“What we really do commercialize is the technology behind Magi – an open information extraction based on migration learning.”

文 | Huamu Sanchang

Edit | 汝晴

Previously reportedPeak Labs” has recently released the public version of its artificial intelligence system Magi “magi.com“. Through this search engine, the user can input the keyword to obtain the structured knowledge and web search results that Magi learned autonomously from the Internet text. Each structured result will be followed by the source link and its credibility score.

magi.com search example

Magi is a machine learning-based information extraction and retrieval system that does not use semi-structured features such as HTML tags, and handles natural language text directly without the need for preset fields and keywords. It can synthesize public texts on the Internet and private data extraction within the enterprise into structured knowledge, providing users with self-renewing, quantifiable and resolvable, traceable knowledge systems. Moreover, this system has Lifelong machine learning, which can openly acquire and independently learn information on the Internet and continuously enhance its ability to process natural language texts.

The quality of Internet corpus is uneven, and plagiarism, automatic generation, and malicious tampering can cause a lot of factual errors, and may even make the model worse and worse in the process of continuous learning adjustment. Previous procedures involving web corpus processing often used whitelisting mechanisms to circumvent this problem, but the whitelisting mechanism also lost a lot of valuable value while filtering out unreliable sources.Information. Magi introduces statistical signals in traditional search through independent research and development of the entire network search engine to help assess the quality of information.

“In the academic world, the more citations are cited, the more influential they are; in web search, the more anti-chains a URL has, the higher the importance of the page. For knowledge, when The facts are expressed in more contexts, which should be more correct and circulated.” Peak Labs founder Ji Yichao told, “Magi gives higher quality to the source and has multiple contexts and expressions. Because the different contexts and expressions indicate that the content has been re-refined or interpreted from multiple angles, and cross-validation of multiple inputs reduces the risk of AI making mistakes.”

On the final results page, magi.com will give a credibility score for each result, then use color to distinguish between credibility, green for higher credibility, and red for lower.

magi.com uses color to distinguish credibility

“In addition, it is important to emphasize that magi.com is the database of our technology’s external presentation and background knowledge. What we really do commercialization is the technology behind Magi – based on natural language understanding (NLU) and migration learning. Open information extraction.” Ji Yichao said.

Ji Yichao told Magi that the services that Magi can provide for corporate customers include:

  1. Structured data and knowledge systems. What Magi is learning is the general background knowledge on the Internet, and these previously existed texts are difficult to use directly by AI. The service is aimed at companies that need structured data, such as various voice assistants and decision engines, which can retrieve information from Magi’s database in DSL or vectorized form to enhance their performance.

  2. Customized natural language understanding solutions and enterpriseassisted RPAs. Peak Labs uses its own pre-training data and the number accumulated by Magi based on migration learning technology.According to to improve the performance of the information extraction service.
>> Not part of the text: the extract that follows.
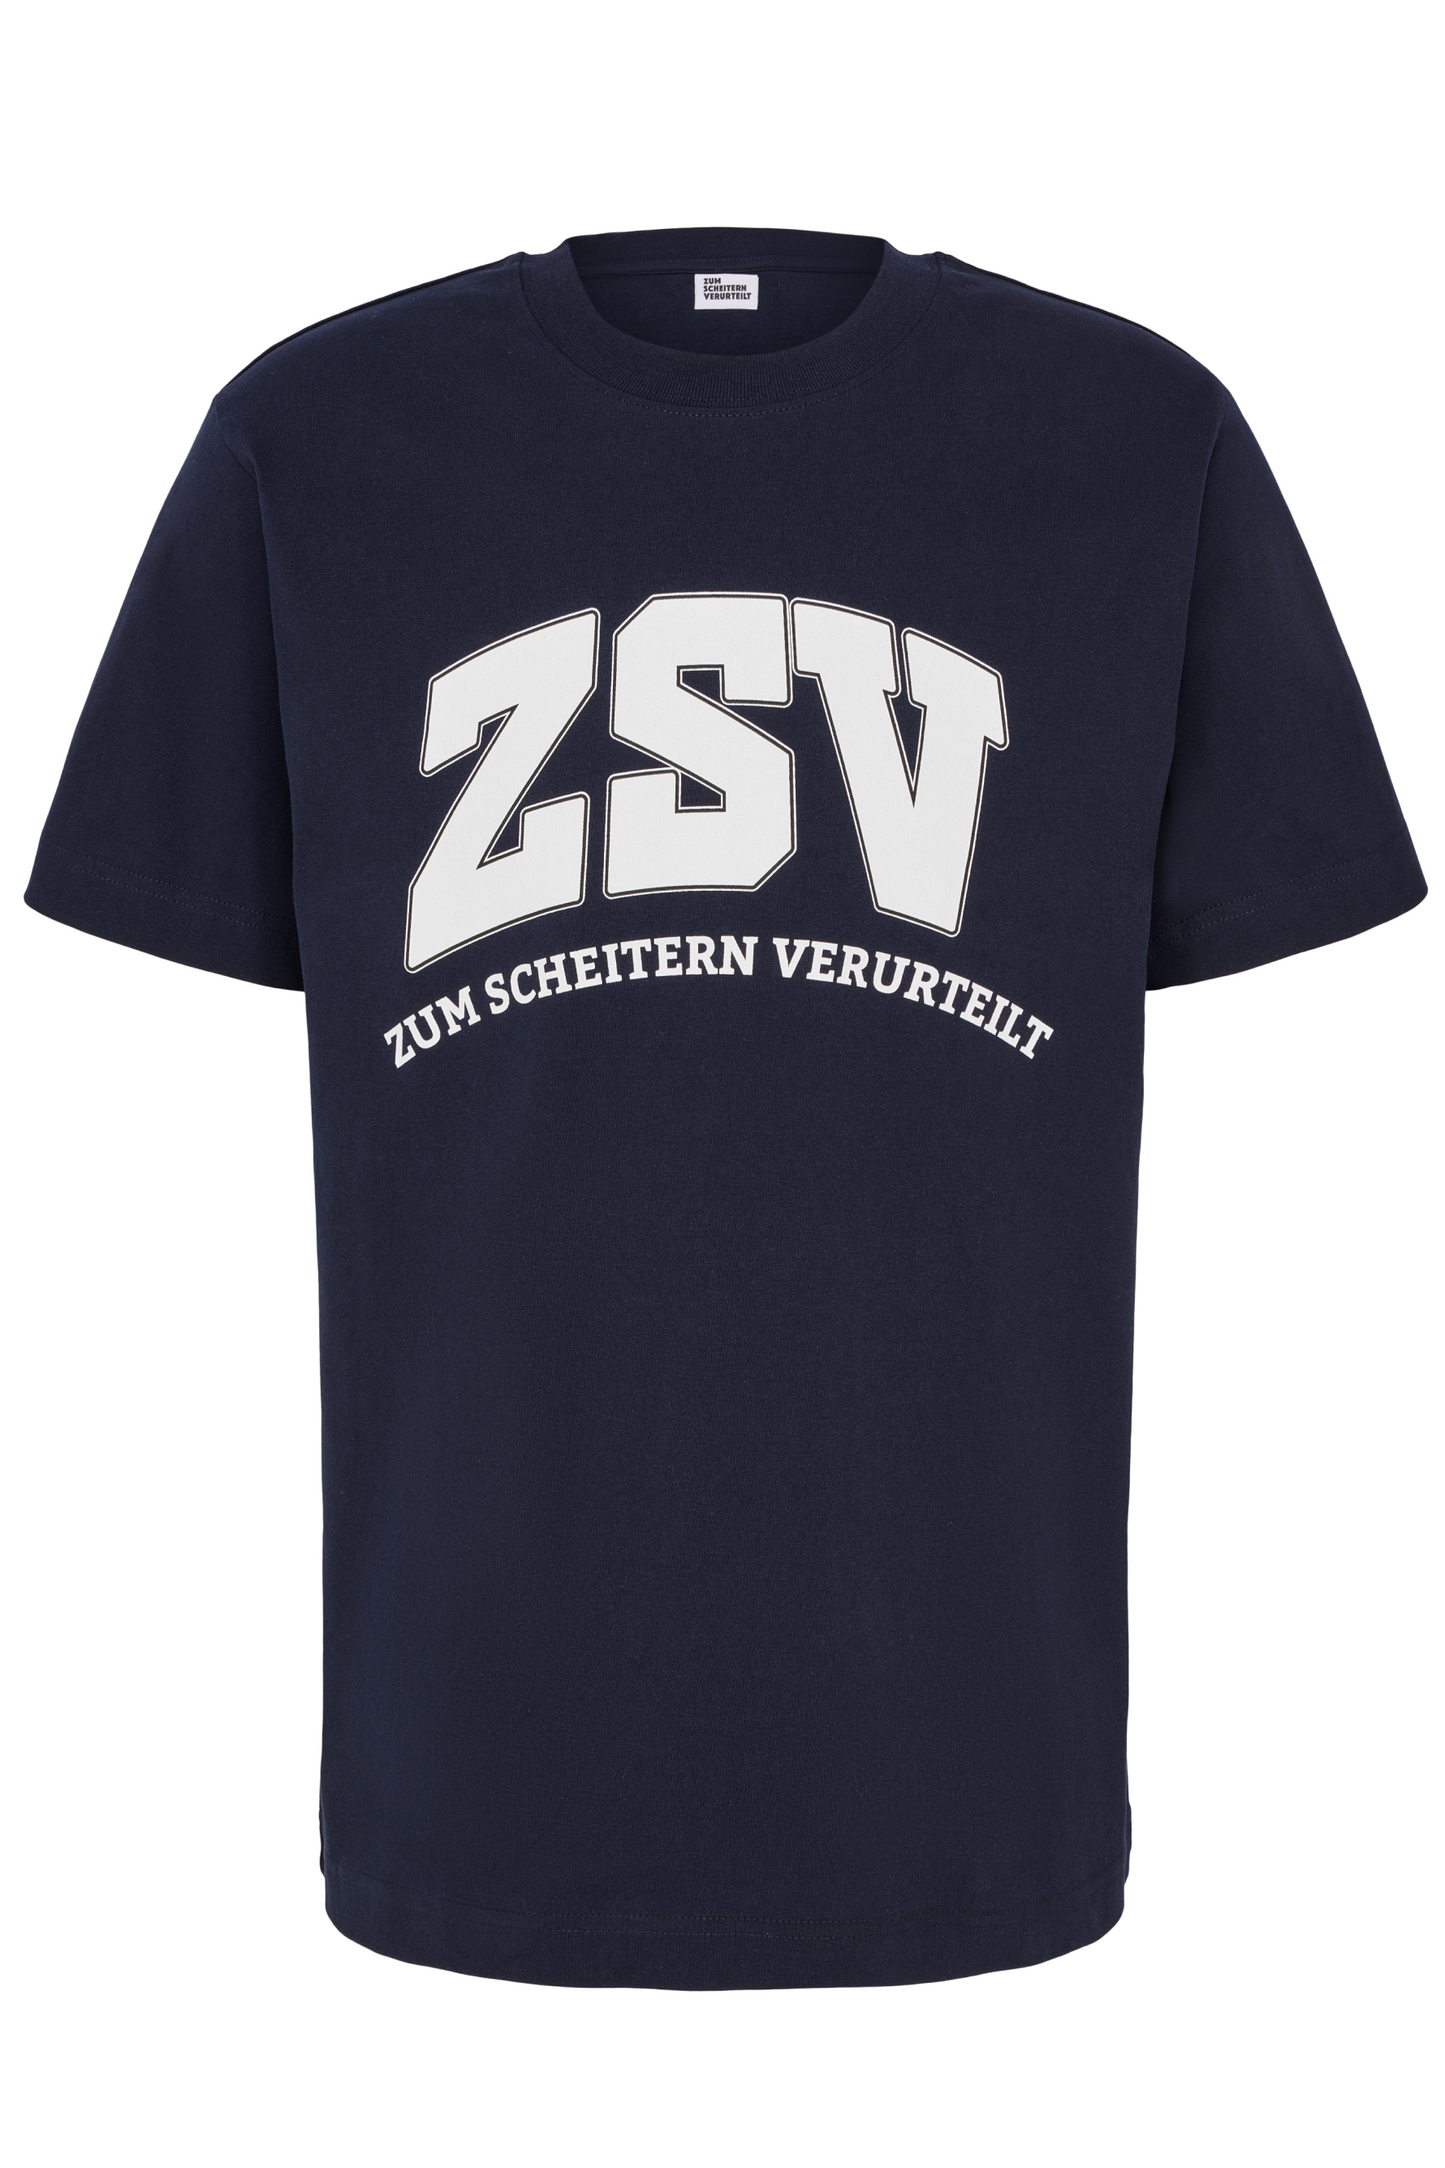 ZSV Shirt College Style - unisex Navy
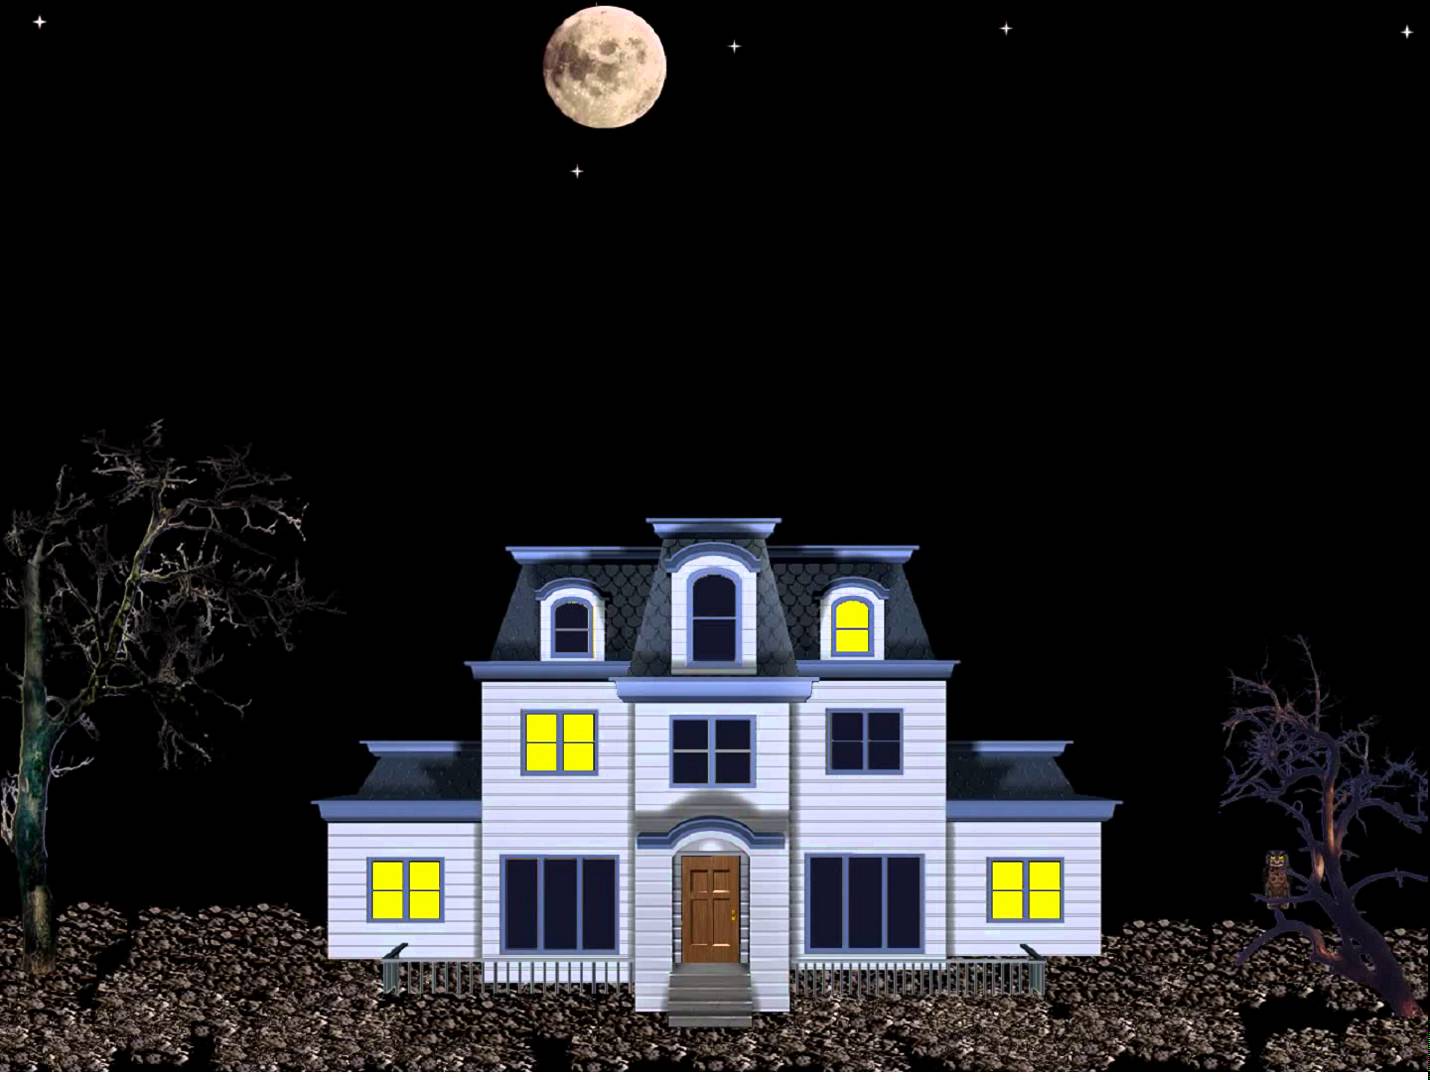  Screensavers Haunted Mansion Screensaver Haunted House 3D Screensaver

Customers in vertical industries such as finance, healthcare, and consulting only need to provide a small sample to get a customized natural language understanding program. For example, in the travel industry, Magi can be customized to automatically read user-written travel notes and discover POIs and related attributes.

Magi Customized Service Training Interface

Data as a “fuel” for Al training is a necessary condition for its value. According to IDC statistics, the amount of data produced globally will increase from 16.1ZB in 2016 to 163ZB in 2025, of which 80% to 90% are unstructured data such as text, pictures, audio and video. Non-structuralization cannot be read by the AI, so structured data needs to be processed. This process is part of China’s artificial intelligence basic data services.

Before, iResearch released the “2019 China Artificial Intelligence Basic Data Service Research Report”. In 2018, China’s artificial intelligence basic data service market scale was 2.586 billion yuan, of which data resource customization services accounted for 86.2% of the estimated 2023. The annual market size exceeded 11.3 billion yuan. The compound annual growth rate of the industry is 23.5%. For start-up companies, there are still opportunities for development in this industry.

On the other hand, many sub-vertical vertical industries lack sufficient structured data to train AI models, and how to use small sample data to train AI has become a trend. “We found that the scarcity of structured data greatly limits the application of artificial intelligence in the segmentation industry. Building a customized natural language understanding solution from zero requires professionals and a lot of time cost – just to develop a medical industry artificial intelligence. It is unimaginable for busy doctors to take out a few months for crowdsourcing.” Ji Yichao said.

From a technical point of view, Magi’s migration learning NLU algorithm has the advantage that the AI ​​engine can be applied to the professional vertical field simply by training the AI ​​engine with general data. Magi first uses Internet knowledge and its own data for pre-training, while the professional vertical field task requires only a small amount of manual data annotation to achieve large-scale data training. For the enterprise, this technology is also reduced for customization.The cost of AI.

“We hope that Magi can help companies reduce the cost of AI customization like ImageNet,” said Ji Yichao.